I'm glad you are doing your research and keeping things open for yourself, are you going through a foreclosure? I have until June 1st to stay here. My birthday is next weekend, I kind of want to ride things out and see what happens that weekend. I don't think he is going to ask me, and maybe it would be for the best. It is really hard for me to walk the other way and think of us not being together. I know I love him, I live for the times that he makes me feel really good, but they are getting farther and fewer between. I think he is losing his patients with me as well. I know you haven't given much information up about your relationship, but I hope that its going in a better direction and that you are happy. You seem like a wonderful person, and you have helped me out a lot in just the few days we have been talking. Thank you!
I know what you mean about meltdowns. I feel like he just drives me so crazy sometimes. Then on days like today when he hurts my feelings, he gets to just leave and I stay here. Today he is going to work and then golf, and then fish later tonight. How nice, and I stay here.

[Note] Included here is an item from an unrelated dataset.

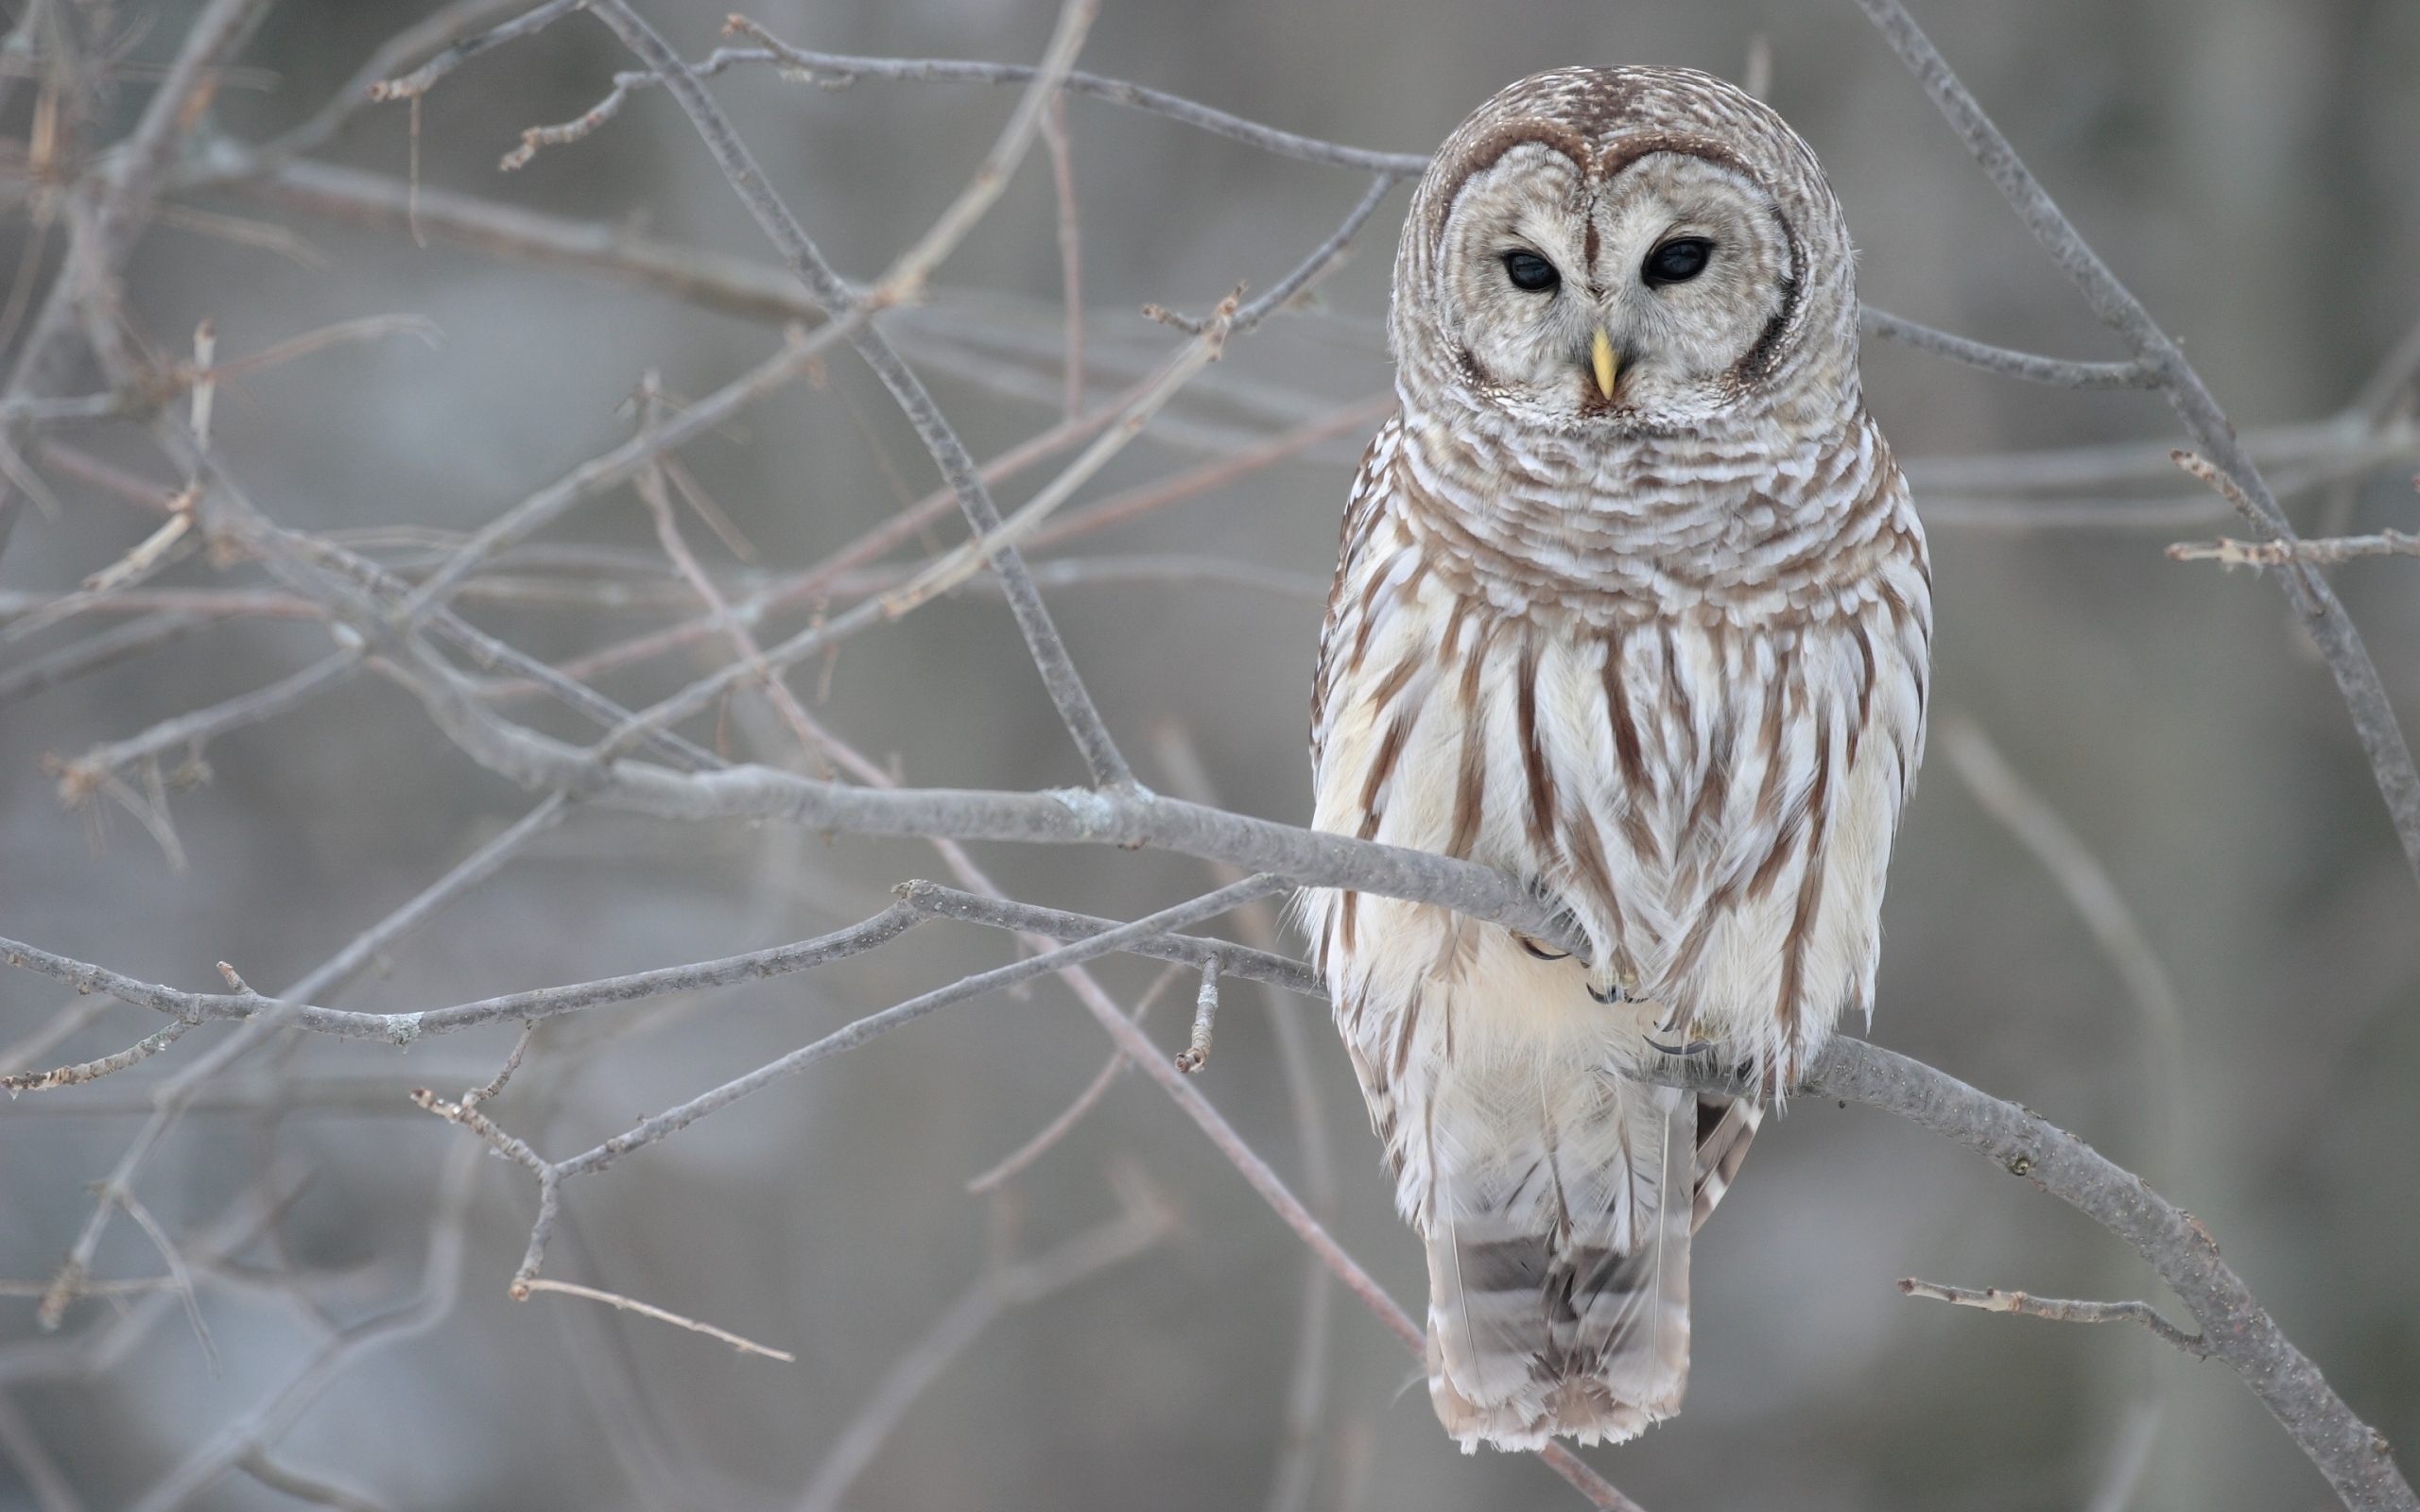 23594 download wallpaper owl, animals, birds, gray screensavers and pictures for free

I agree, I definitely need a job. Staying at home would just give him all the control he wants and I do need an outlet, I do need money just in case. This morning I told him I am sick of feeling this way. He said, "what are you going to do then, do you want to break up, well, hurry up and say it, I have to go." I said, things need to change. It almost felt like he wanted me to say the words, "yes, lets break up ." I feel like he makes me insecure, but then gets angry and frustrated when I need his reassurance. He tells me he loves me all of the time, but then he can be so mean.
I just feel like he is getting tired of having to work to make this relationship work, and so am I. I'm starting to feel like maybe I do play a big part in how we are. I am always needing more more more. Once he fixes one thing, I find another thing to try and fix on him. He did have A LOT of issues when I met him, but why can't I just be happy with what he has done? Maybe if I wouldn't complain so much, he would be more loving and happy with me?? This is just how things go, my brain and thoughts are all over the place.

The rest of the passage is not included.